Back at the lodge, Chef Jacques discusses lunch at breakfast, where one must avail of super smoothies like strawberry-coconut-banana. Chef lately abandoned Singita for Molori, and when you have staff voluntarily leaving Singita, you know Molori’s doing something special. At Molori, suppers include four-course bush-dinners in the jungle or briers in the lodge’s boma (an al-freso enclosure), where Chef Jacques sprawls South African specialities and “boma-fide” Afrikaans malva pudding, macerated in Amarula liqueur and Roibos tea.

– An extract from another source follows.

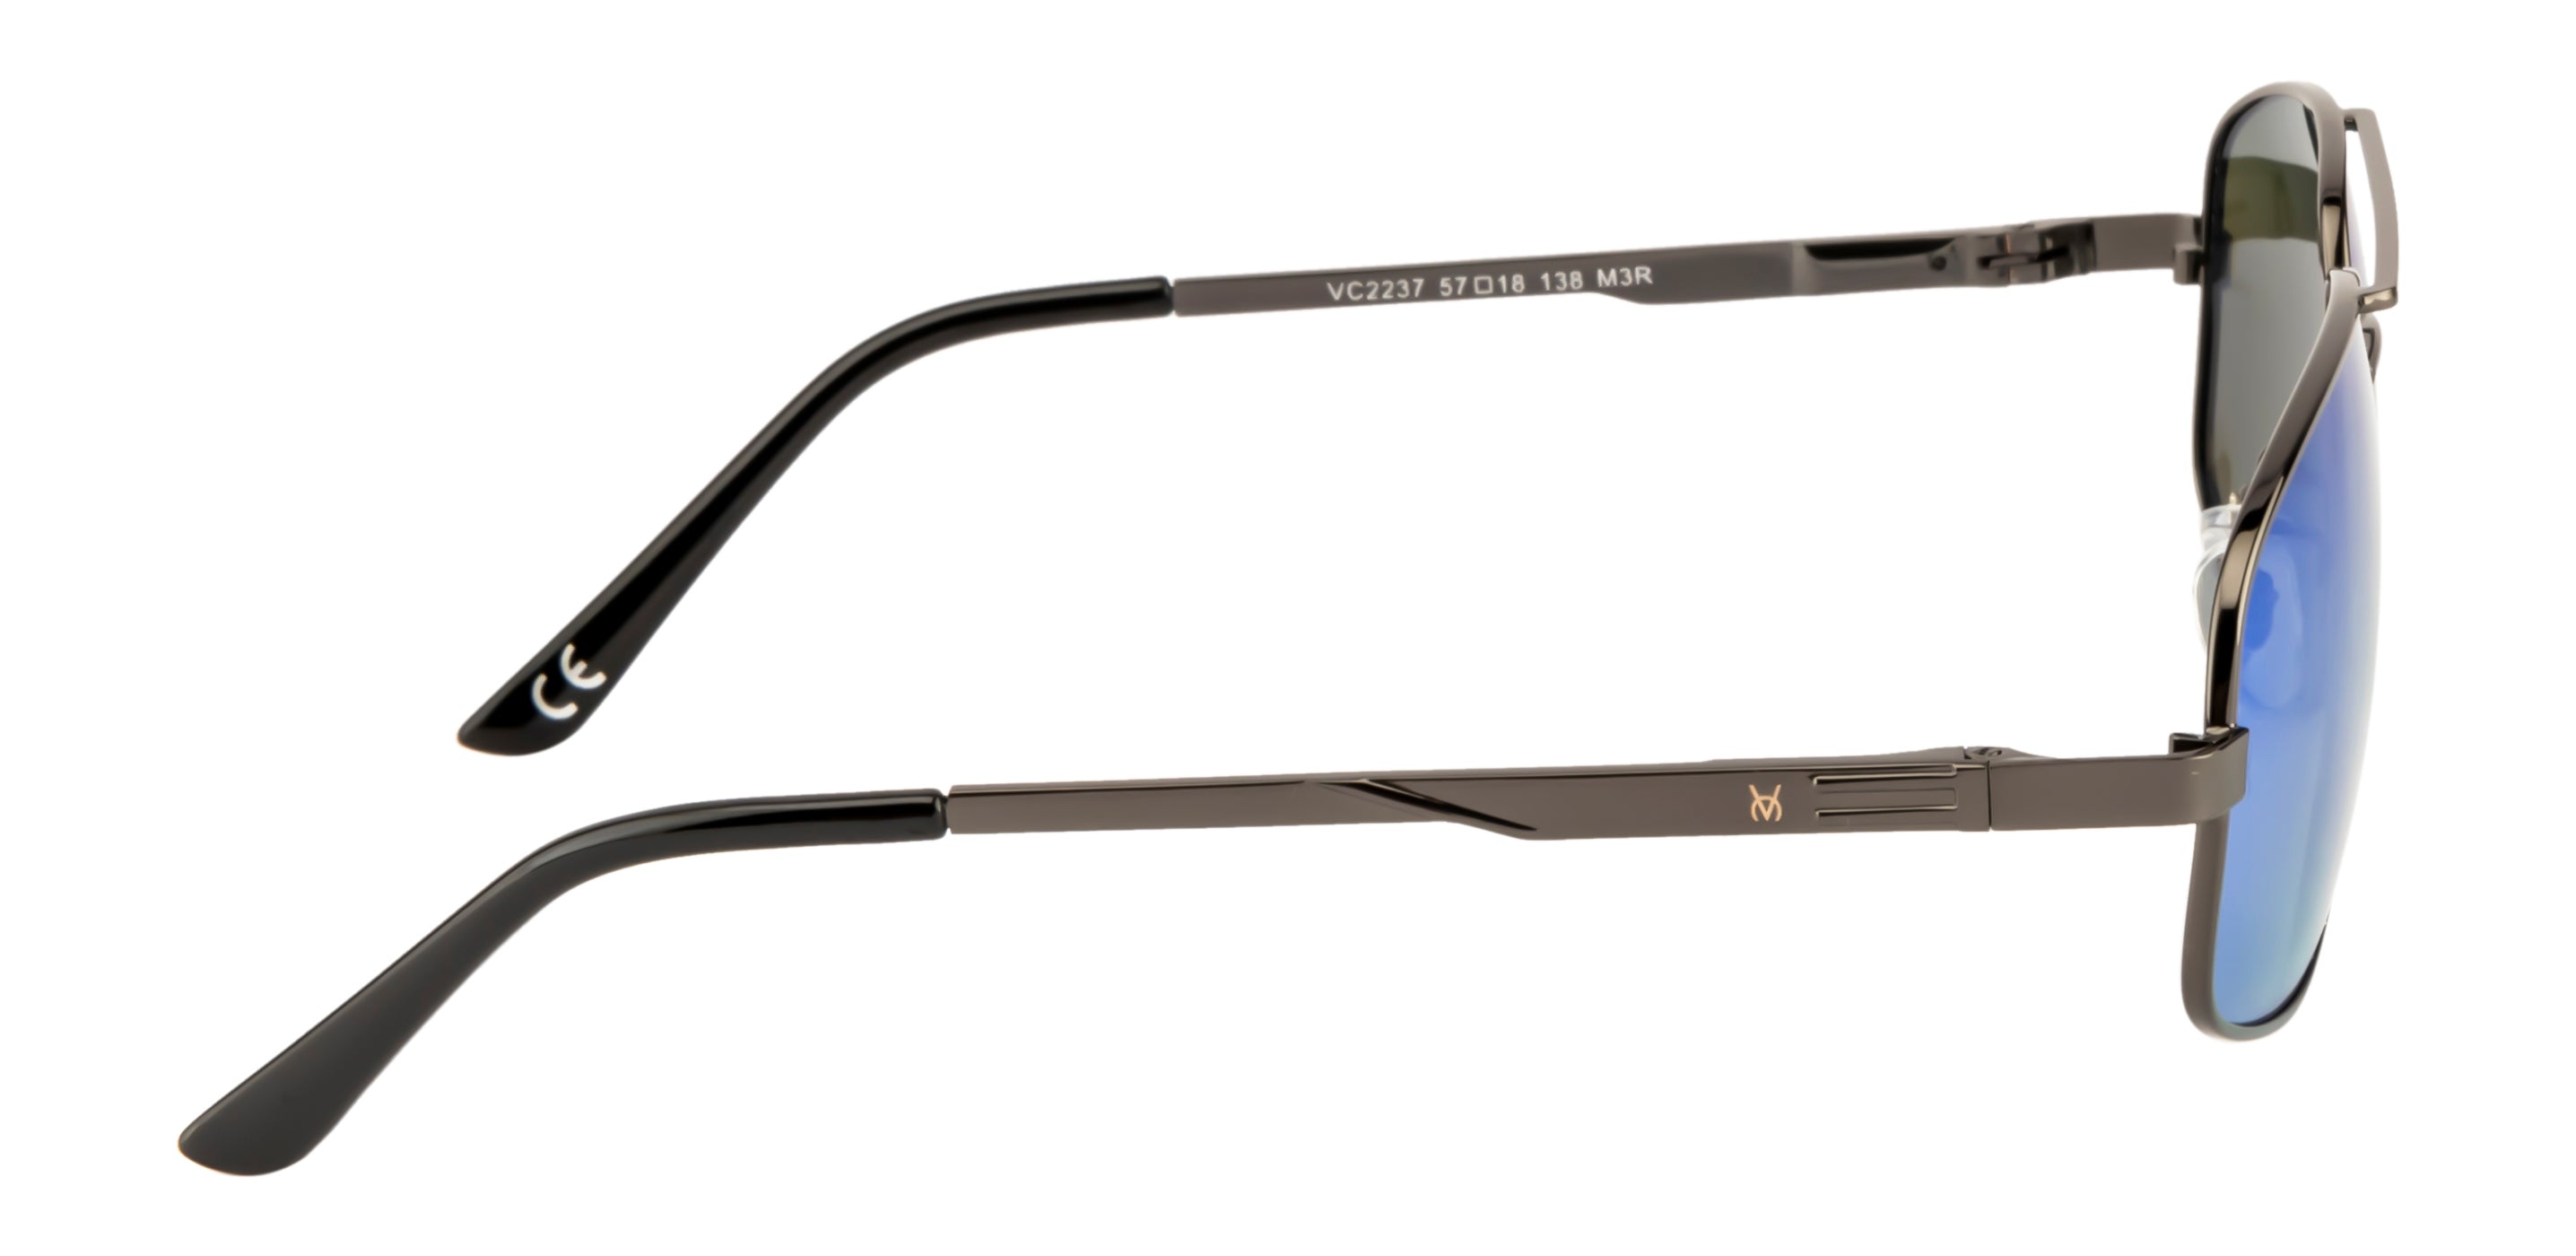 Velocity Polarized Rectangular Series POL Sunglasses for Men
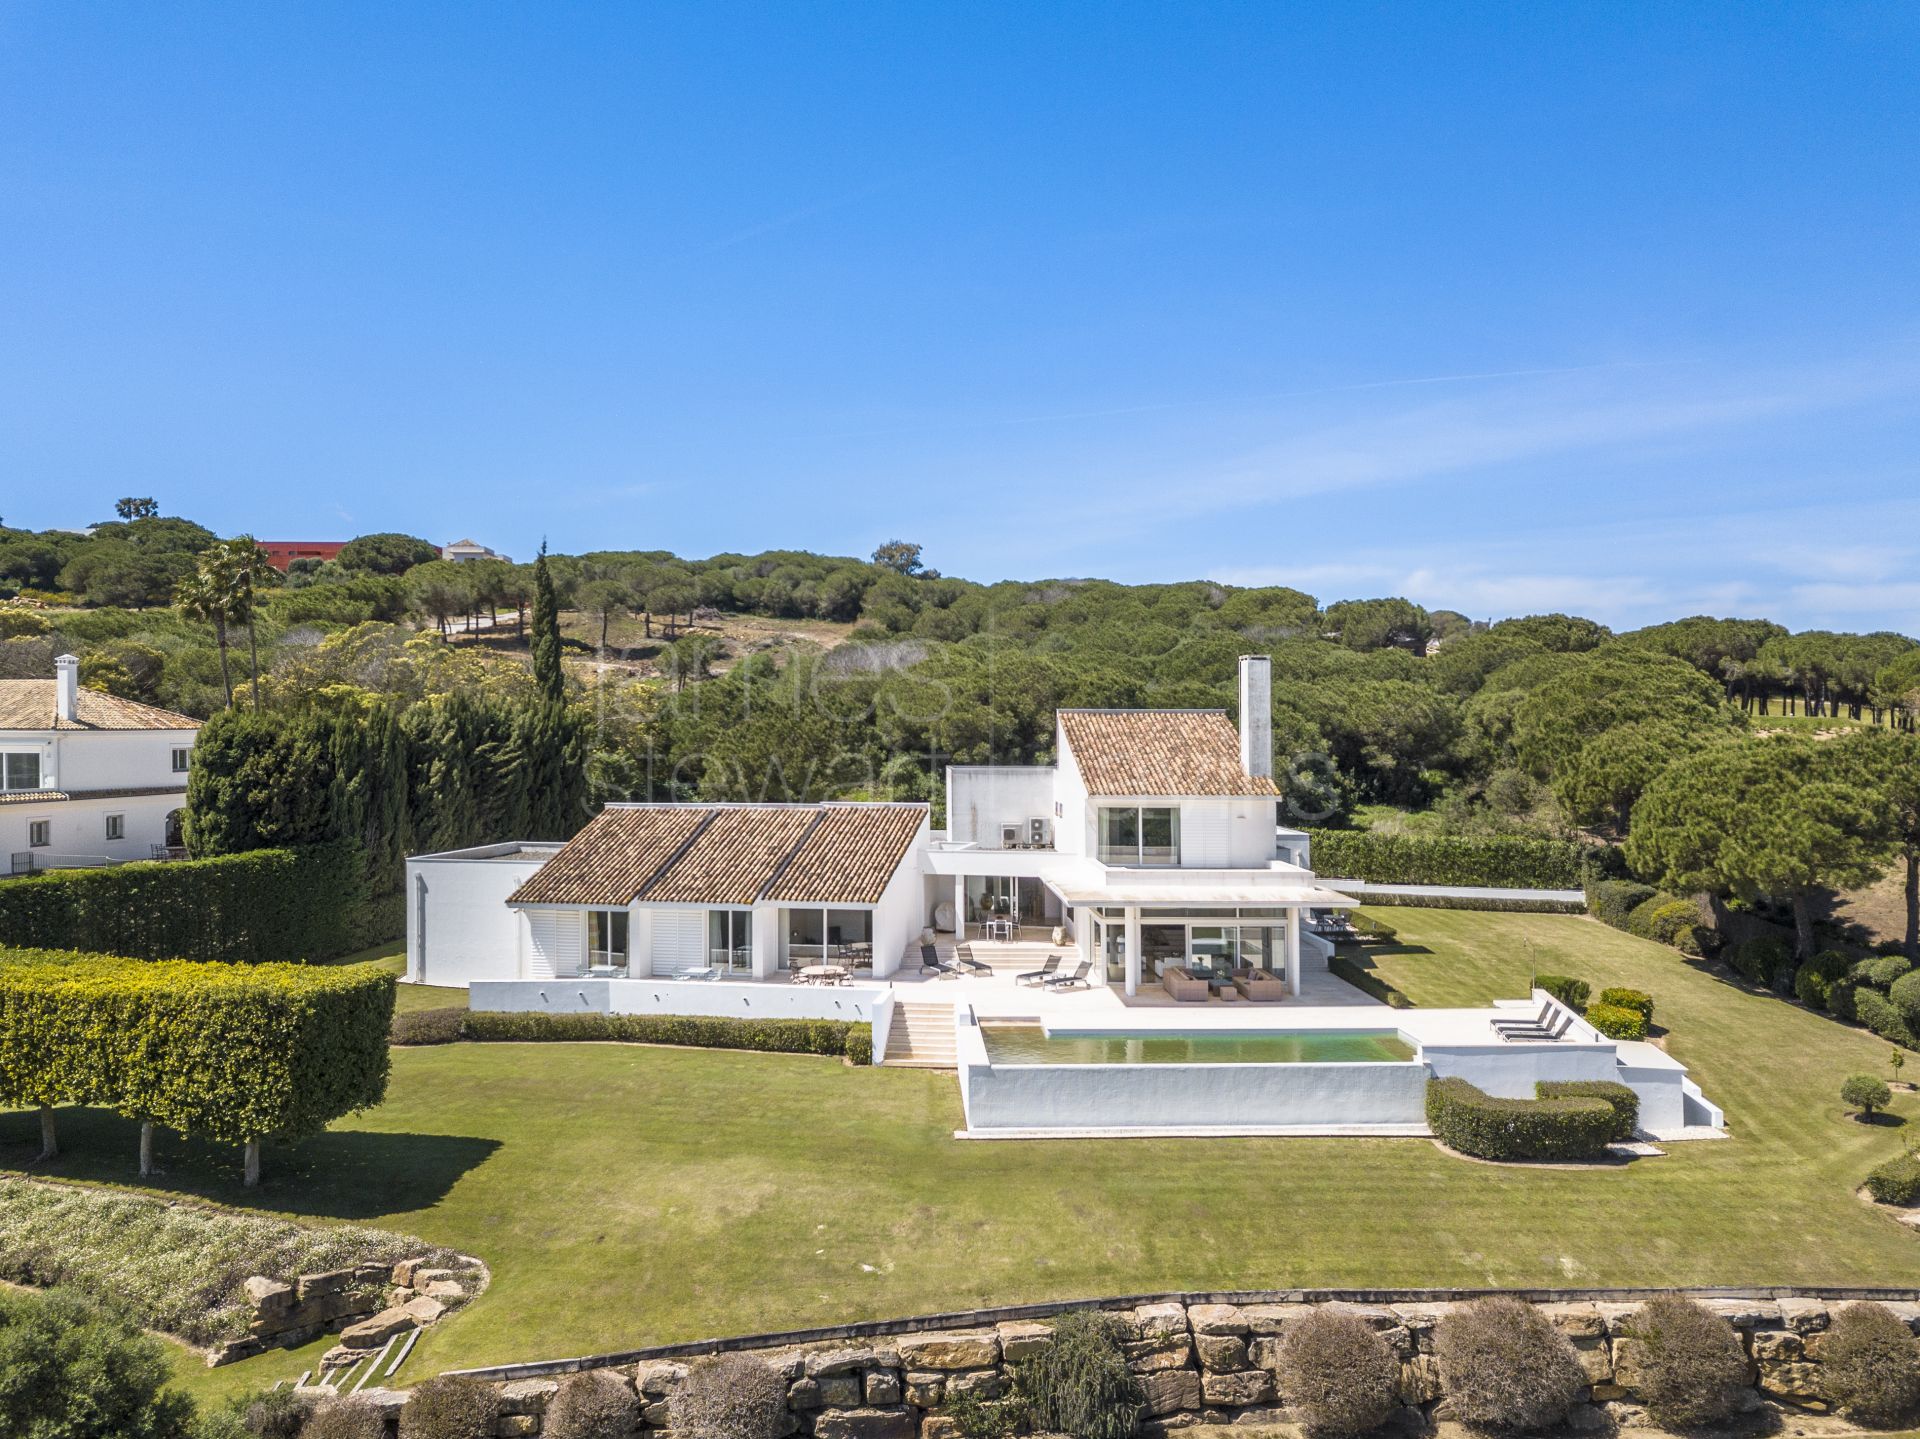 Villa en primera línea de golf en Almenara con vistas impresionantes

But why dine out when you can dine in Metsi’s arms? Ah Metsi, alright, she isn’t quite a Bond Girl, or even a girl. But this preposterously lavish presidential suite has all the seductions of a Bond Girl. Think crystal chandeliers swooping down from a thatch roof or hanging from trees. “Metsi” means “water” in Setswana, and the outdoors flows into the indoors where trees thrust out behind sofas. There’s also a fluidity of styles, as antiques flirt with avant-garde, and a stupendous Chinese drum is stationed by indigenous African art. Stately arm-chairs Marie Antoinette might’ve sat in laze by contemporary-cool, red-as-passion chairs made of reed and cane. The study has a chair in zebra hide, the deck is sleek with white-leathered swings and suave chaise-lounge. The bedroom boasts the most sumptuous bed in all South Africa, whilst three bathrooms stock enough Aqua di Parma toiletries to fill a boutique. The main bathroom is a “living room”, with a velvet sofa longer than a train, and not a walk-in but a “sit-in” wardrobe with a splendid ottoman… The pool, the size of a lake, has a heated jacuzzi and a resident frog or two. At breakfast on the terrific terraces, you might be combating yellow-beaked hornbills that purloin your cookies as plumed plethora bedazzle. The lodge has a hillocked spa, but enjoy signature Molori facials and Molori massages within the luxuries of your butlered suite.
There’s a sense of irreverence, abandon and irony about this place. It’s outrageously over the top, but pulled off with panache.